EXTRACTED RECORDS:
---------------

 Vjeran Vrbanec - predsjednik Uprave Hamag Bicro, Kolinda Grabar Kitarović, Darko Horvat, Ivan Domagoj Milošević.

---------------

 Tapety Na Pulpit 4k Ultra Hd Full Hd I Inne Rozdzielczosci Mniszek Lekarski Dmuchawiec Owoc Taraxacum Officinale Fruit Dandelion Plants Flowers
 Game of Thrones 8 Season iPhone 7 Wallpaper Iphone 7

---------------

WHAT YOU SHOULD DO: Working from the data above, extract solely the lines from the one containing "Tapety Na Pulpit" through the one containing "Game of Thrones", exactly as they appear, both included.

PROBLEM SOLUTION:
 Tapety Na Pulpit 4k Ultra Hd Full Hd I Inne Rozdzielczosci Mniszek Lekarski Dmuchawiec Owoc Taraxacum Officinale Fruit Dandelion Plants Flowers
 Game of Thrones 8 Season iPhone 7 Wallpaper Iphone 7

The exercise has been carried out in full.